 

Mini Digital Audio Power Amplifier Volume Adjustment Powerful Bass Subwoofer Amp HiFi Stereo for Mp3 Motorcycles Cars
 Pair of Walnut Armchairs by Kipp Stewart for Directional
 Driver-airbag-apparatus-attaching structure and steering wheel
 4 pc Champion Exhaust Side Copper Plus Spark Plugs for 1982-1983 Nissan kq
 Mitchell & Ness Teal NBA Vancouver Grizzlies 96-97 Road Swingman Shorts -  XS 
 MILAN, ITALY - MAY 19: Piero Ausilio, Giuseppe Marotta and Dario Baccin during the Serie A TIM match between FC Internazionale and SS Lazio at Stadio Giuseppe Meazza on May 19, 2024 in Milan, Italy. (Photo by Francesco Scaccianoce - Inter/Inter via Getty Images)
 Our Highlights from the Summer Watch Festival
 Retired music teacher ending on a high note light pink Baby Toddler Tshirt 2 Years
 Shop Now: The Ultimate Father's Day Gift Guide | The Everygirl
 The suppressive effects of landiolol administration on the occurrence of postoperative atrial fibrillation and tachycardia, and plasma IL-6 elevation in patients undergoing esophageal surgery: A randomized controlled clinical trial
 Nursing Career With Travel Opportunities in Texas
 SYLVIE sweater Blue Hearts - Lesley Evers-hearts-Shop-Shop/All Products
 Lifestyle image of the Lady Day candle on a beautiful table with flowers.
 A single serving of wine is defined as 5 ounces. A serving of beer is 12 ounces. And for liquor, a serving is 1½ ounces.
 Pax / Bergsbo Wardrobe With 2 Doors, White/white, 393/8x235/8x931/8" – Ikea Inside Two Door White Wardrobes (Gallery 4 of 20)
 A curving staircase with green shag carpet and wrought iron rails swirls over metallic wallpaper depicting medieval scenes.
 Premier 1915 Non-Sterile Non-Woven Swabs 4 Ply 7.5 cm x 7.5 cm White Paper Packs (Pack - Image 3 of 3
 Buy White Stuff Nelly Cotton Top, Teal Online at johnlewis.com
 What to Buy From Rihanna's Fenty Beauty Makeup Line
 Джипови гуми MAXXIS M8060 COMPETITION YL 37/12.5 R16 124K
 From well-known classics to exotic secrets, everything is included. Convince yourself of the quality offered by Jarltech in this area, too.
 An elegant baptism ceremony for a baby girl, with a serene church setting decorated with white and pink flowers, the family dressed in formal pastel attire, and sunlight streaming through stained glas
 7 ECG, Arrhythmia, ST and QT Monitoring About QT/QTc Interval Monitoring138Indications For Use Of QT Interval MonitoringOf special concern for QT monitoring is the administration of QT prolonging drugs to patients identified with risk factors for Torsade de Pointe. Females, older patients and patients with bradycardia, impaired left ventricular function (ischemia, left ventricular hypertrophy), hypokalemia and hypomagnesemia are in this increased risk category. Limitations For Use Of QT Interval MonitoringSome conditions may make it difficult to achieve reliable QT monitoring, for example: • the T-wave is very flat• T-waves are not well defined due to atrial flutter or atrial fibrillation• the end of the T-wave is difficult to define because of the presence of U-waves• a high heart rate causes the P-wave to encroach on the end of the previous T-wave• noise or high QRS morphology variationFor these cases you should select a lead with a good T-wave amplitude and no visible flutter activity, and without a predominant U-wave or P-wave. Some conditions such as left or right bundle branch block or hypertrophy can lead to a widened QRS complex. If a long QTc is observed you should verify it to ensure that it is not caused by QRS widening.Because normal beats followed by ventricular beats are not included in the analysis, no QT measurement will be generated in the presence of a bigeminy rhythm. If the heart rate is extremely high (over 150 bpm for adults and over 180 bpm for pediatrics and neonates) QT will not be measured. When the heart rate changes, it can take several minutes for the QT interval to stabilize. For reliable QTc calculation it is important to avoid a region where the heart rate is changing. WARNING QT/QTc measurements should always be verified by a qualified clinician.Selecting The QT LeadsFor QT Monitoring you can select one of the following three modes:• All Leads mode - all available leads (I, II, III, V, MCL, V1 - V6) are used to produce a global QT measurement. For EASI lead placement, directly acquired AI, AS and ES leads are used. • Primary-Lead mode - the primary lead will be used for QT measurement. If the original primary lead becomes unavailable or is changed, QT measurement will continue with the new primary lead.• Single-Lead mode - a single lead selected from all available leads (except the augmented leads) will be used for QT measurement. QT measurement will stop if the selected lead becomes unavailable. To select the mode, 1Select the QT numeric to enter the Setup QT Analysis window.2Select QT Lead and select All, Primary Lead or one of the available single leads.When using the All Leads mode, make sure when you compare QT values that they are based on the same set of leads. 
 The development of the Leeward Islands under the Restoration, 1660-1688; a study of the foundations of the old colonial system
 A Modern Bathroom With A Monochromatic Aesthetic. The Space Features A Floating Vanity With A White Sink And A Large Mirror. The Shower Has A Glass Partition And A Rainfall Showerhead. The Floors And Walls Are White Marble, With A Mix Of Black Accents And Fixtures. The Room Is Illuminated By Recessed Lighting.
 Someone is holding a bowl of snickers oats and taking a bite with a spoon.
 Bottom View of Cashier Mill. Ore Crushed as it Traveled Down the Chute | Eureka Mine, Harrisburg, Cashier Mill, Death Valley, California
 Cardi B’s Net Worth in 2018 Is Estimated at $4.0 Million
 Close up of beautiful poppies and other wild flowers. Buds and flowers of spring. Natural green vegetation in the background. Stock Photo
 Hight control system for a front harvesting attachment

§ **AIM OF THE EXERCISE**: Retype exactly the span of lines from the one with "Driver-airbag-apparatus-attaching structure and" through the one with "Mitchell & Ness"; include both ends and omit the rest of the material.

§ **TASK SOLUTION**:
 Driver-airbag-apparatus-attaching structure and steering wheel
 4 pc Champion Exhaust Side Copper Plus Spark Plugs for 1982-1983 Nissan kq
 Mitchell & Ness Teal NBA Vancouver Grizzlies 96-97 Road Swingman Shorts -  XS 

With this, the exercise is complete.